ИГОРЬ ЮРЬЕВИЧ БУРЕНИН

Гоша – единственный из компании, кто умер, если можно так выразиться, естественной смертью: от цирроза печени. Впрочем, еще Марина, его жена. У нее во время диабетической комы отказали почки.

Тошина могила на Северном кладбище в Ростове – пример отчаянной бренности бытия: едва различимый в бурьяне холмик у самой дороги, по соседству с мусорной кучей, в ряду безликих бугорков с табличками «Неизвестный мужчина». Правда, на его собственной жестяной табличке написано «Игорь Буренин». Известный мужчина, стало быть.

Можно не врать себе: за Гошиной могилой никто не будет ухаживать. Его мама – Роза Соломоновна – умерла в далеком городе Львове, а Марина лежит неподалеку от Гоши, буквально в соседнем квартале. А мы, друзья, – такие, какие есть – неудачные друзья…

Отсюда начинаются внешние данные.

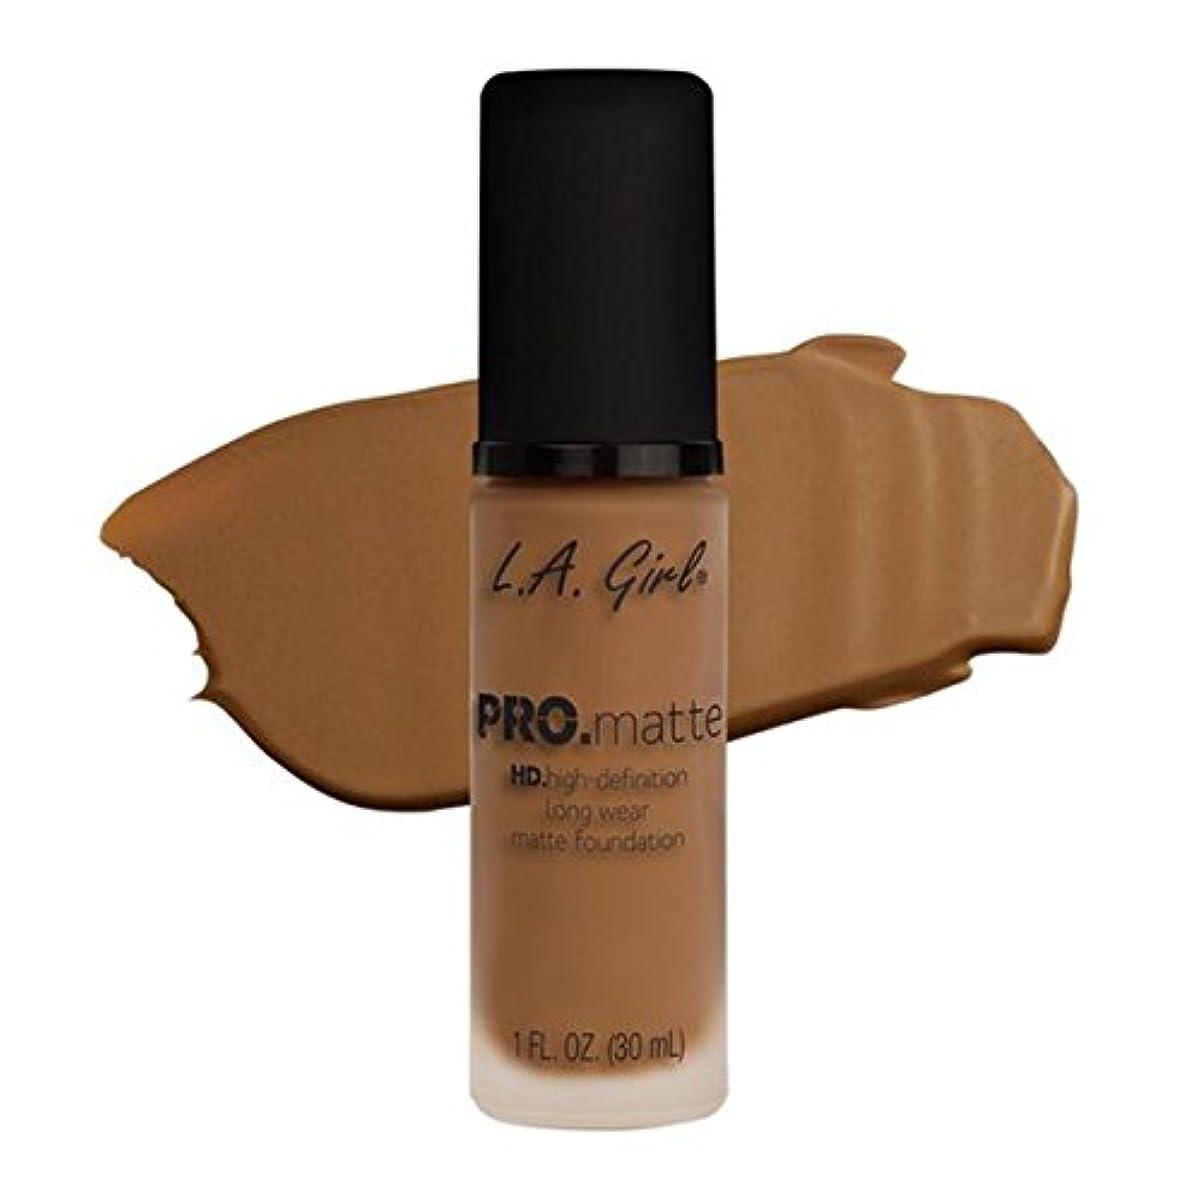 欠如オン遺棄されたLA Girl PRO.mattte HD.high-definition long wear matte foundation (GLM682 Cafe)
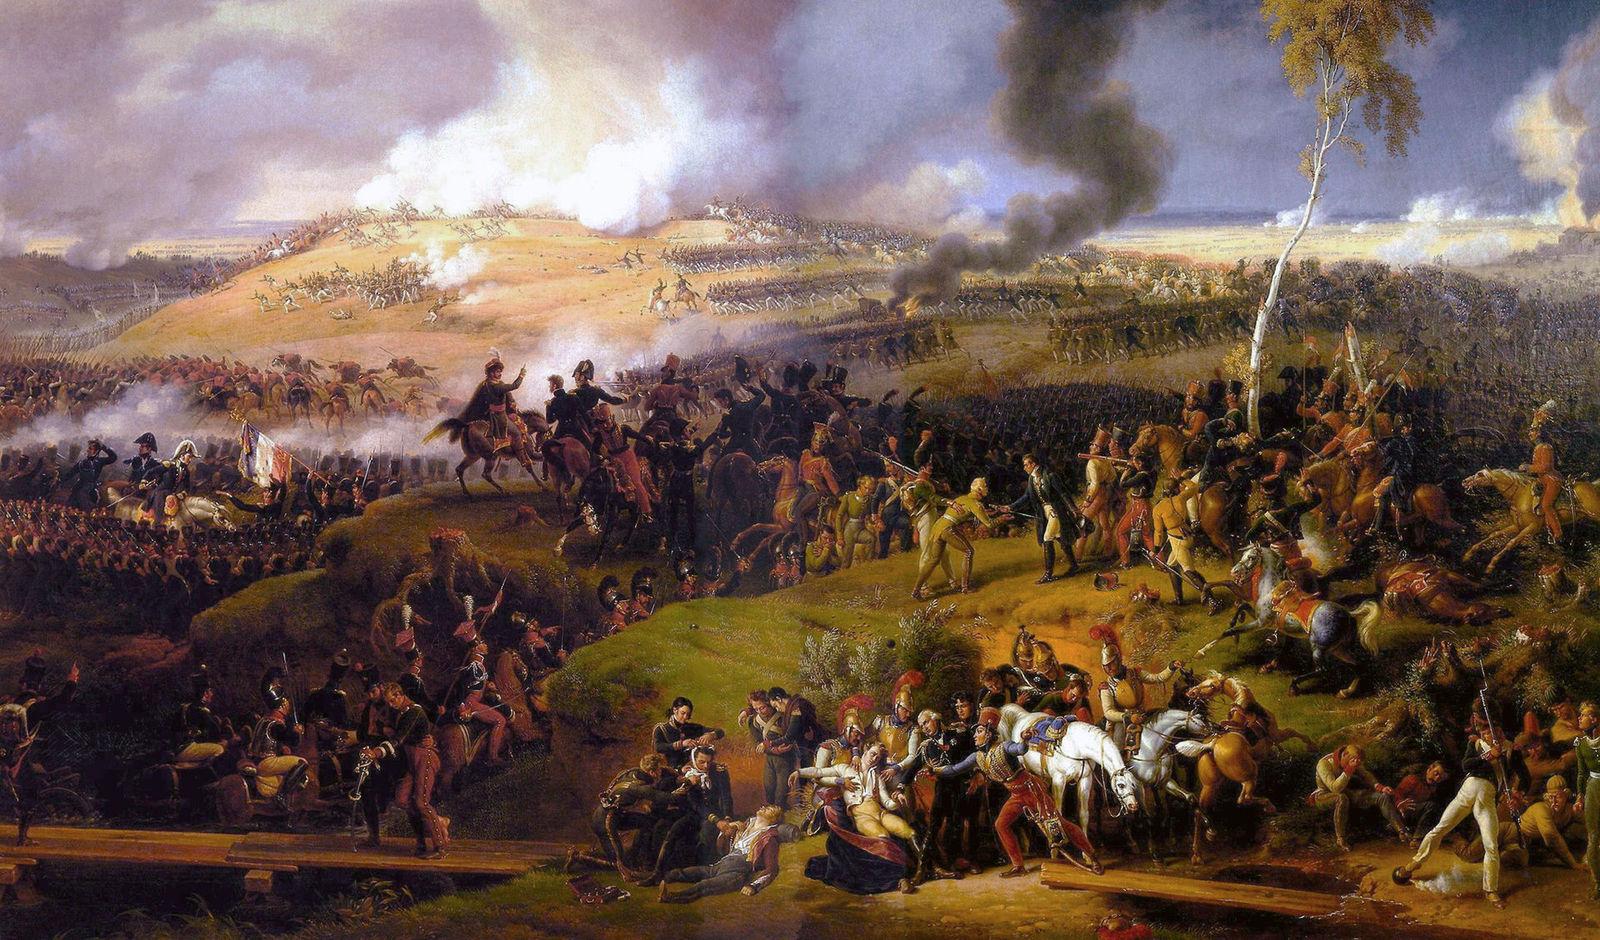 Реферат на тему герои великой отечественной войны 1812 5145

Гоша был гармоническим человеком: писал стихи, рисовал, шутил. После гармонических людей, как правило, ничего не остается. И от Гоши ничего не осталось. Только память.

Наше знакомство совпало с началом перестройки, на память он читал нам с Олей стихи Саши Соколова:

Вот умрет наша бедная бабушка,

Мы ее похороним в земле,

Чтобы стала она белой бабочкой

Через сто или тысячу лет.

Теперь сам Гоша стал белой бабочкой. Марина, конечно, тоже.

Они жили на Северном в большой квартире. Это был открытый дом. На протяжении многих лет они, наверное, ни разу не оставались одни. У них все время кто-то жил, или спал, или сидел на кухне. А кроме того, у них постоянно случались праздники.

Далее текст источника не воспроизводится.